BMI, body mass index; CI, confidence interval; DDLT, deceased donor liver transplantation; DSA, donor service area; HBV, hepatitis B virus; HCC, hepatocellular carcinoma; HCV, hepatitis C virus; LDLT, living donor liver transplantation; MELD, Model for End-Stage Liver Disease; OR, odds ratio; PELD, Pediatric End-Stage Liver Disease; SD, standard deviation.
PATIENTS AND METHODS
Data on adult, non–status 1 liver-only transplants between January 1, 2003 and December 31, 2009 were obtained from United Network for Organ Sharing Standard Transplant Analysis and Research files so that characteristics associated with LDLT could be evaluated. Only primary transplants were included. We compared the frequency distributions (categorical variables) and means (continuous variables) of patients undergoing LDLT and patients undergoing DDLT. The variables that were considered included recipient race/ethnicity, sex, blood type, primary diagnosis at the time of transplantation [categorized as hepatitis C virus (HCV), hepatitis B virus (HBV), cholestatic liver disease/cirrhosis, malignant neoplasms, and other], insurance type, diabetes, life support, preoperative portal vein thrombosis, previous abdominal surgery, Model for End-Stage Liver Disease (MELD) exception status, mechanical ventilation before transplantation, calendar year of transplantation, age, albumin level at the time of transplantation, body mass index (BMI), and match MELD score. Univariate odds ratios (ORs) for the likelihood of undergoing LDLT versus DDLT were calculated by logistic regression, and variables with a P value less than 0.1 were further evaluated by multivariate logistic regression. Stepwise selection with an α value of 0.01 was used to select the final multivariate model. The Hosmer-Lemeshow goodness-of-fit test (P = 0.19) and the area under the receiver operating characteristic curve (0.87) confirmed the model fit for the final multivariate model.

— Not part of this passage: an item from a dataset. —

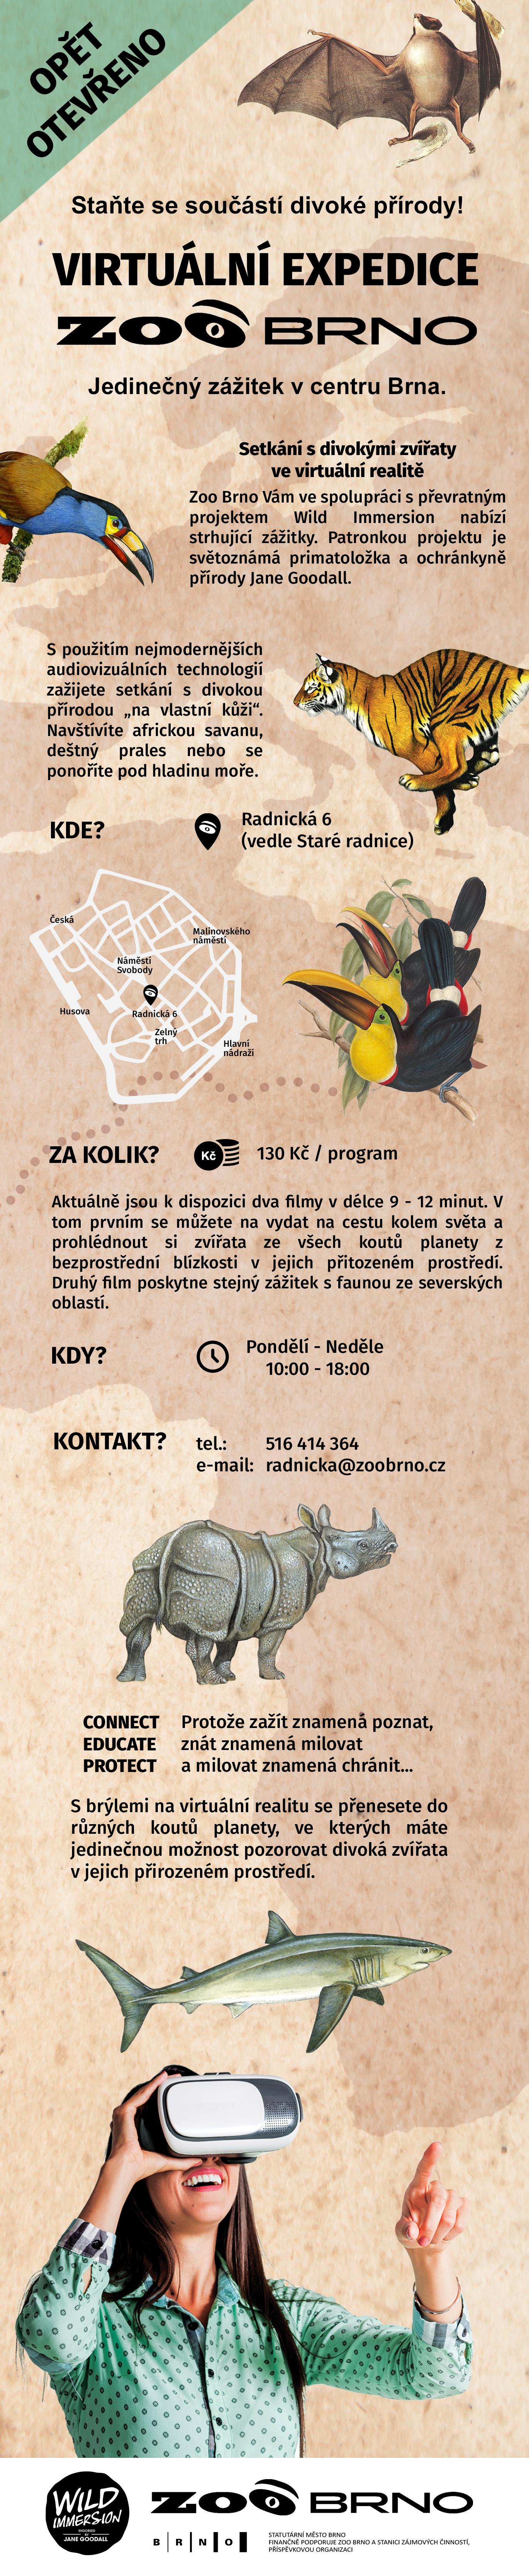 infooVirtuálníexpedici

Although the P value for the MELD exception status was less than 0.001, the MELD exception status was not included in the final multivariate model because we examined the match MELD score, not the laboratory MELD score. Patients without exception scores had match MELD scores reflective of their laboratory MELD scores, whereas patients with exception points had match MELD scores greater than their laboratory MELD scores because the final exception scores were used. The inclusion of the exception status and the use of the match MELD score would have given excess weight to the patients with exception scores. Because only 9.0% of the patients undergoing LDLT were granted exception points and because the match MELD score was included in the multivariate analysis, the MELD exception score was excluded.

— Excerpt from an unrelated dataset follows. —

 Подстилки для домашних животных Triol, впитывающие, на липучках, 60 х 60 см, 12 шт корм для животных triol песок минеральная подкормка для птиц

To evaluate the impact of the MELD score at the DSA level on the likelihood of LDLT, we calculated the median match MELD scores for DDLT for each DSA by the primary diagnosis and the blood type, which are the 2 most significant recipient factors associated with LDLT after the match MELD score (as demonstrated by the highest Wald chi-square values in the multivariate model). Each transplant recipient was assigned a DSA subgroup–specific match MELD score to represent the median match MELD score within the recipient's DSA for a DDLT of the same diagnosis and blood type. The assigned median match MELD scores were categorized into quintiles at the patient level (quintile 1, MELD score = 6-21; quintile 2, MELD score = 22; quintile 3, MELD score = 23-24; quintile 4, MELD score = 25-27; and quintile 5, MELD score ≥28): the lowest quintile represented the DSAs with the lowest subgroup-specific median match MELD scores, and the highest quintile represented the DSAs with the highest subgroup-specific median match MELD scores. We calculated the median match MELD score and the proportion of LDLT versus DDLT by the quintile of the assigned median match MELD scores. We also examined the adjusted odds of LDLT after stratification by the quintile of the assigned median match MELD scores.
Although patients who were on the liver transplant wait list for longer periods were more likely to undergo LDLT [adjusted OR for the logarithm of wait-list days = 1.18 (data not shown)], the inclusion of days on the wait list did not meaningfully change the multivariate analysis, and 41 recipients (12 with LDLT) were excluded because they spent 0 days on the wait list (a value that cannot be log-transformed). Therefore, the time on the wait list was excluded from the final model. The same was true for the transplant center volume because with the addition of MELD quintiles to the multivariate model, the transplant center volume no longer had statistical significance in the multivariate model [P = 0.66 (data not shown)]. Thus, the transplant center volume was excluded from the final model.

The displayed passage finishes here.